INSTRUCTIONS TO FOLLOW:
Return the data below unaltered, but strip out the pictures.

DATA:
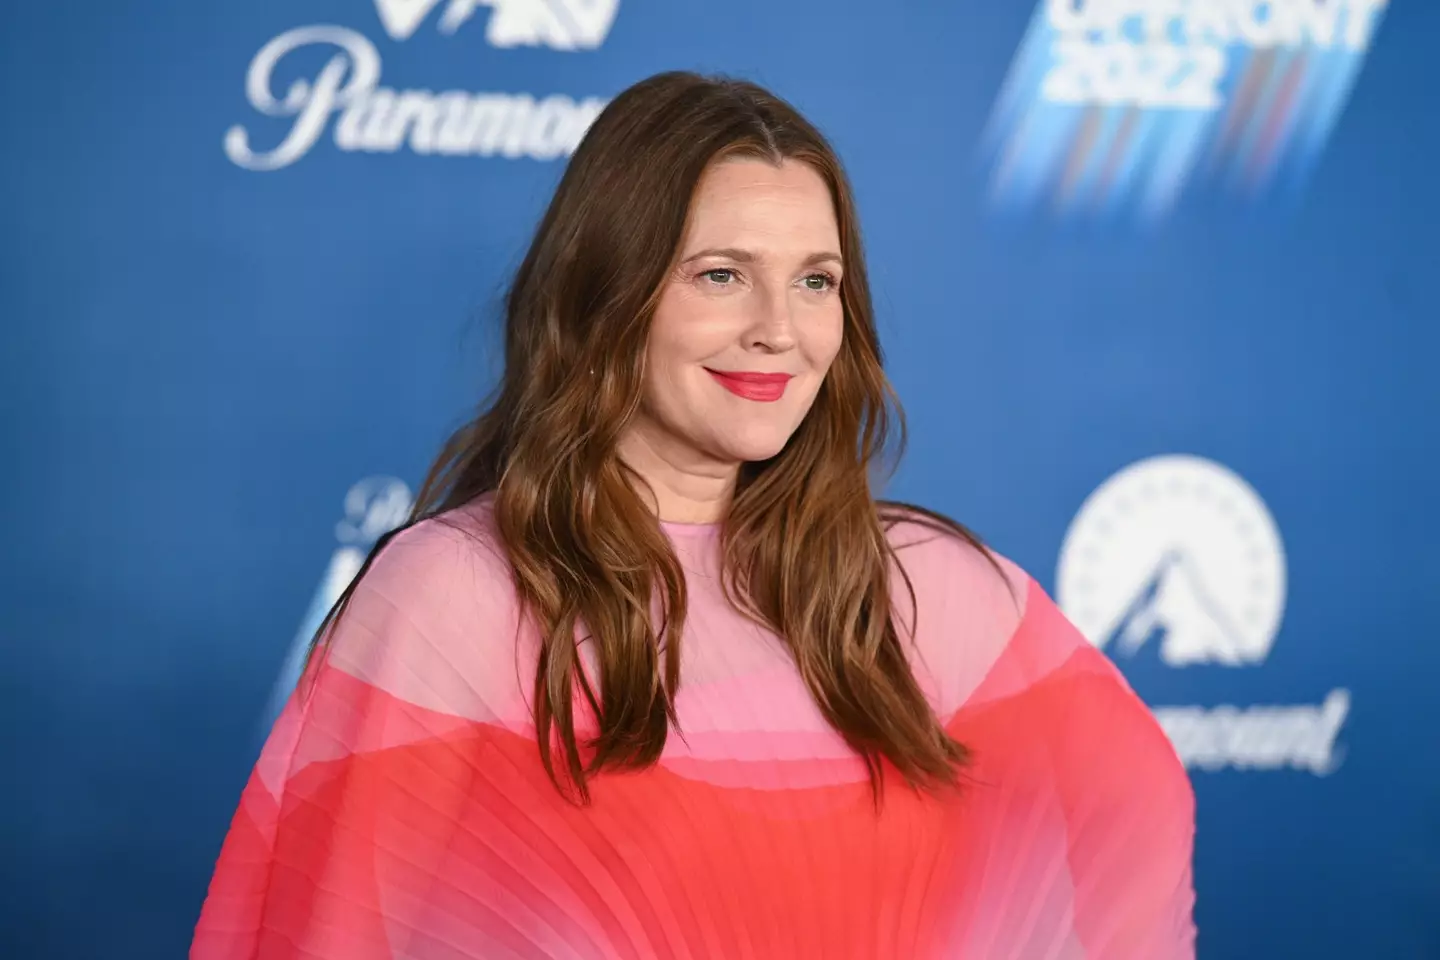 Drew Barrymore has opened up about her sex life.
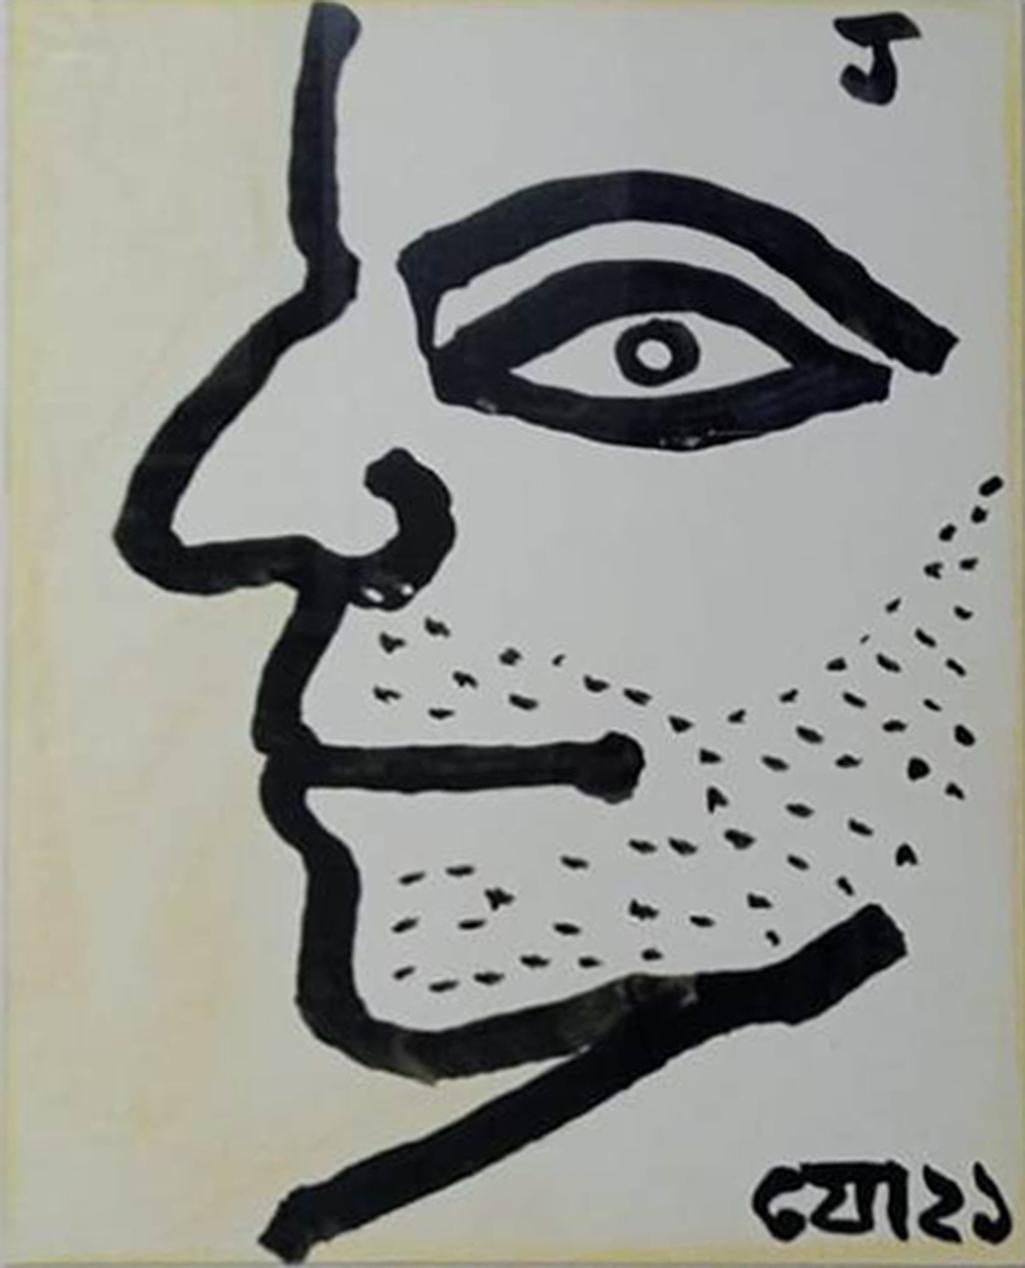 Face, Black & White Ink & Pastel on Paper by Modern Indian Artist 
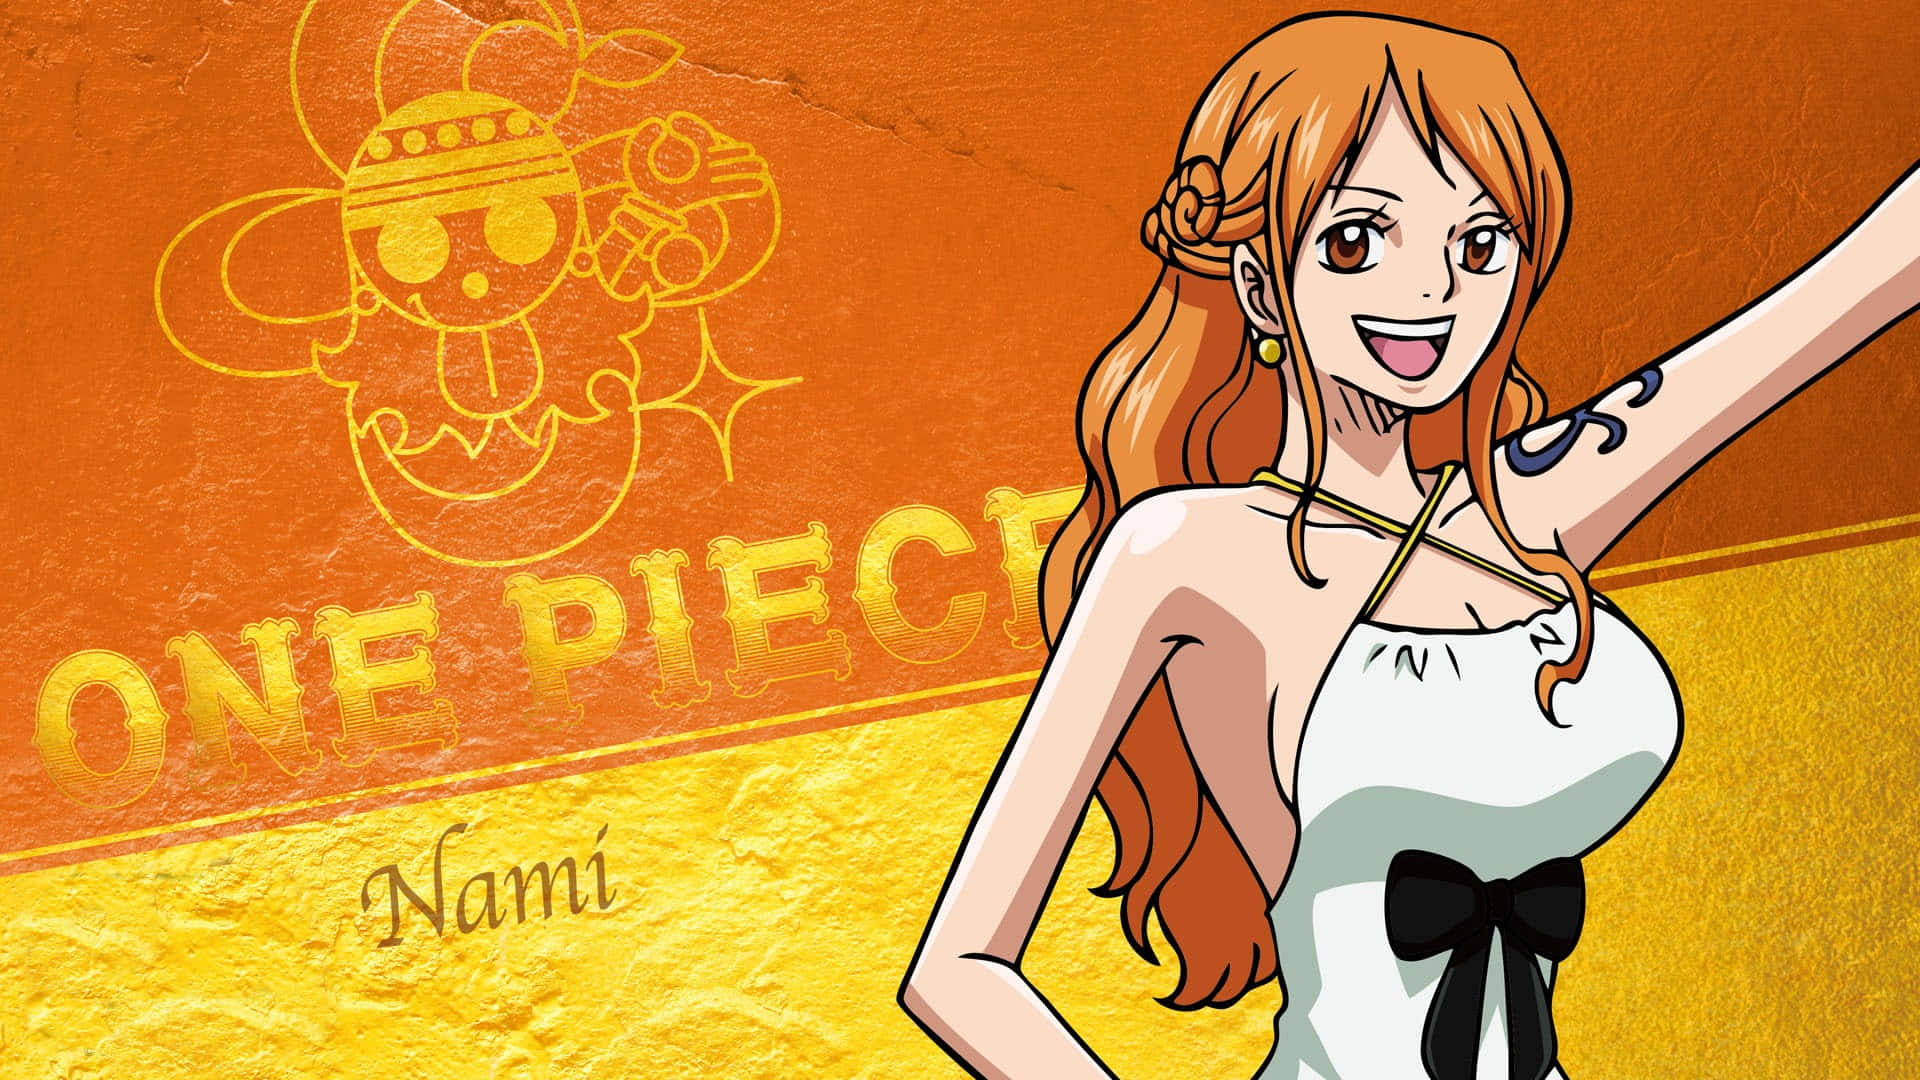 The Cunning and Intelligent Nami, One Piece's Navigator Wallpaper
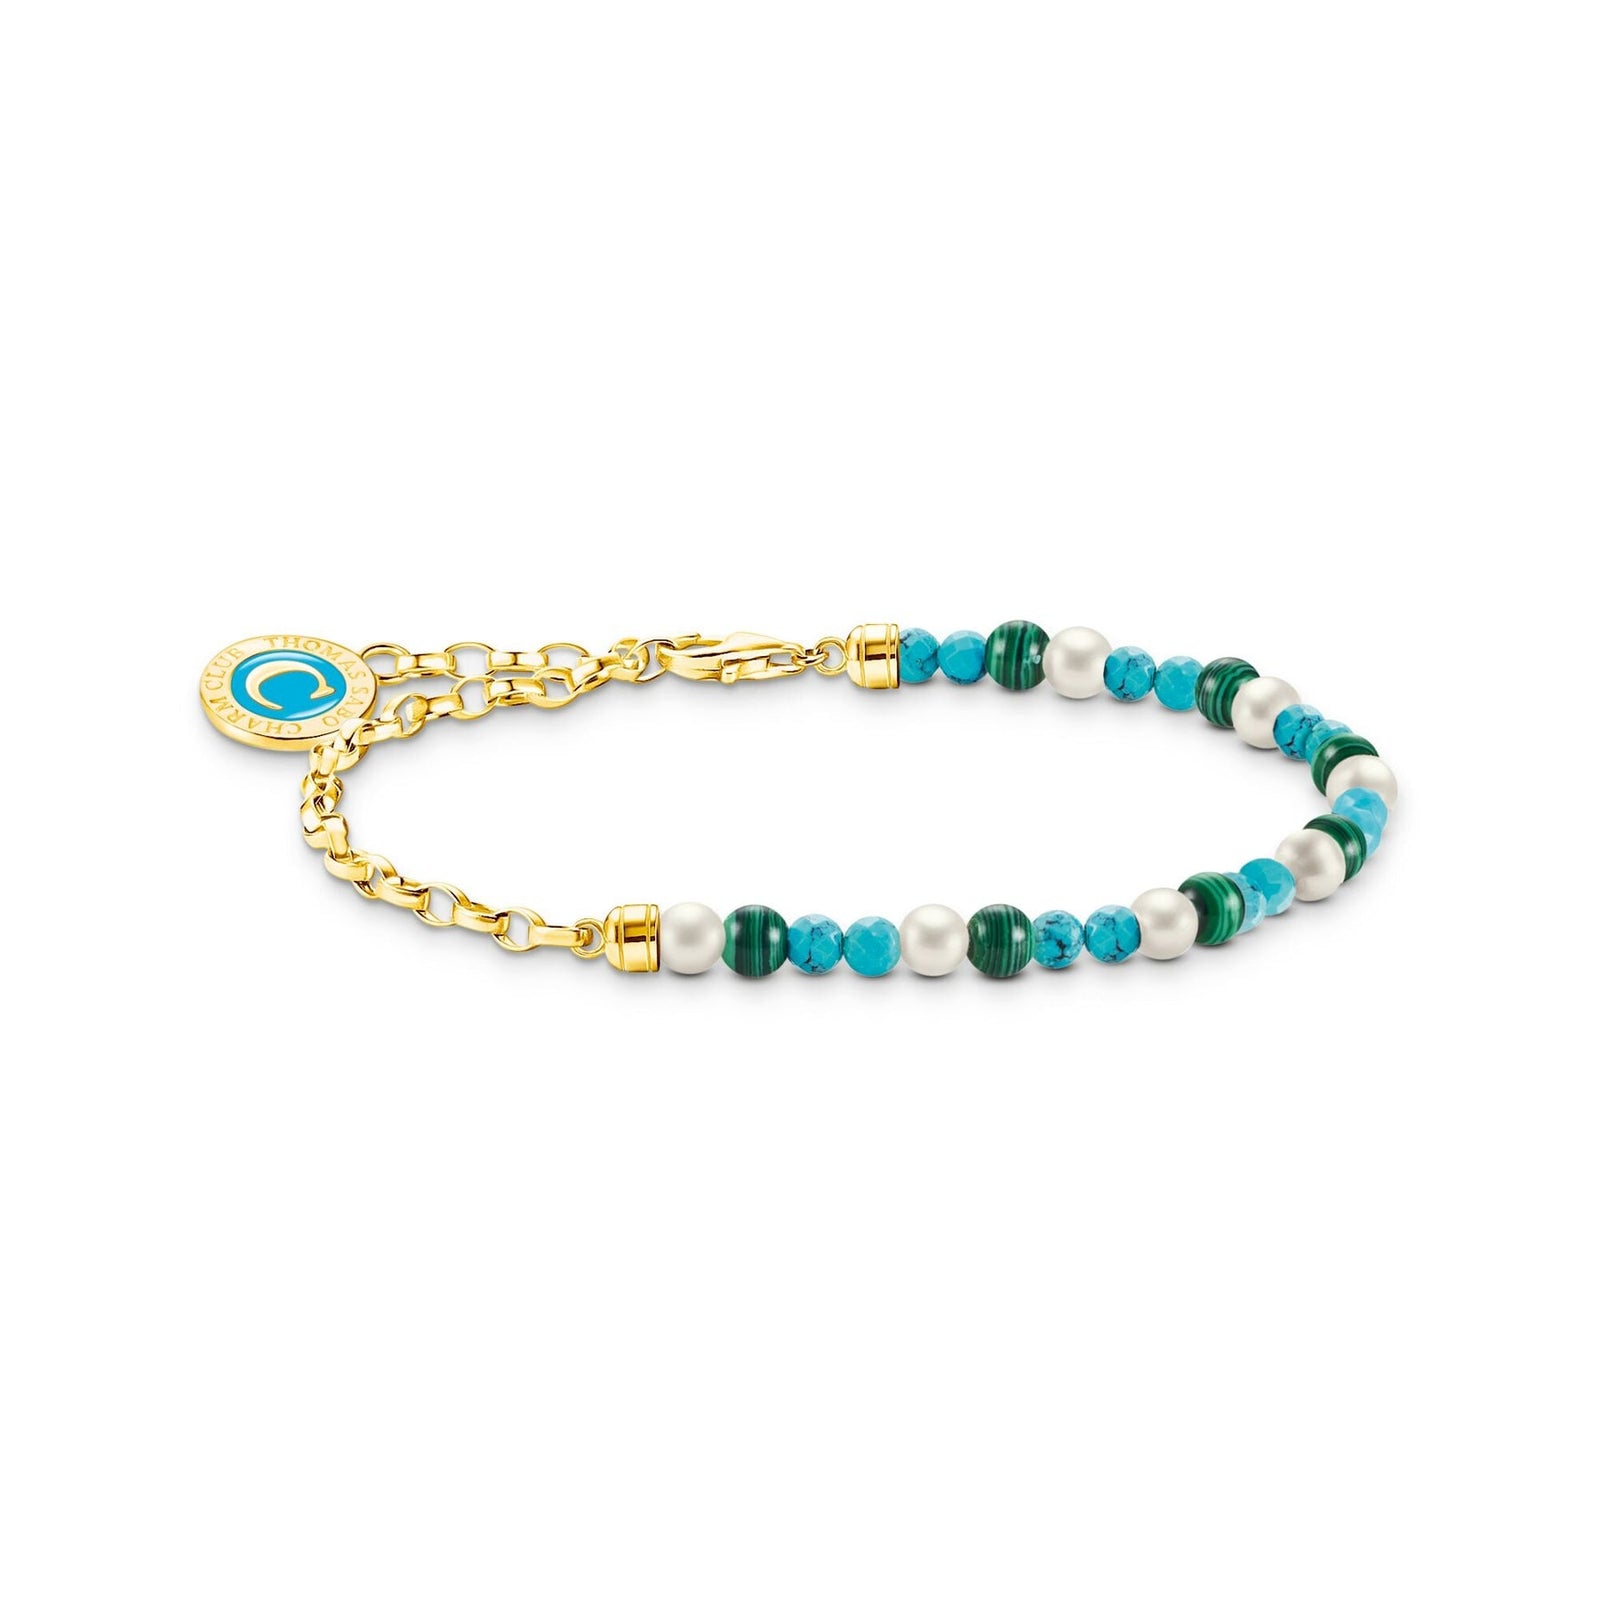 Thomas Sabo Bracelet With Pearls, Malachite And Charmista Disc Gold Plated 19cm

OUTPUT:
 Drew Barrymore has opened up about her sex life.
 Face, Black & White Ink & Pastel on Paper by Modern Indian Artist 
 The Cunning and Intelligent Nami, One Piece's Navigator Wallpaper
 Thomas Sabo Bracelet With Pearls, Malachite And Charmista Disc Gold Plated 19cm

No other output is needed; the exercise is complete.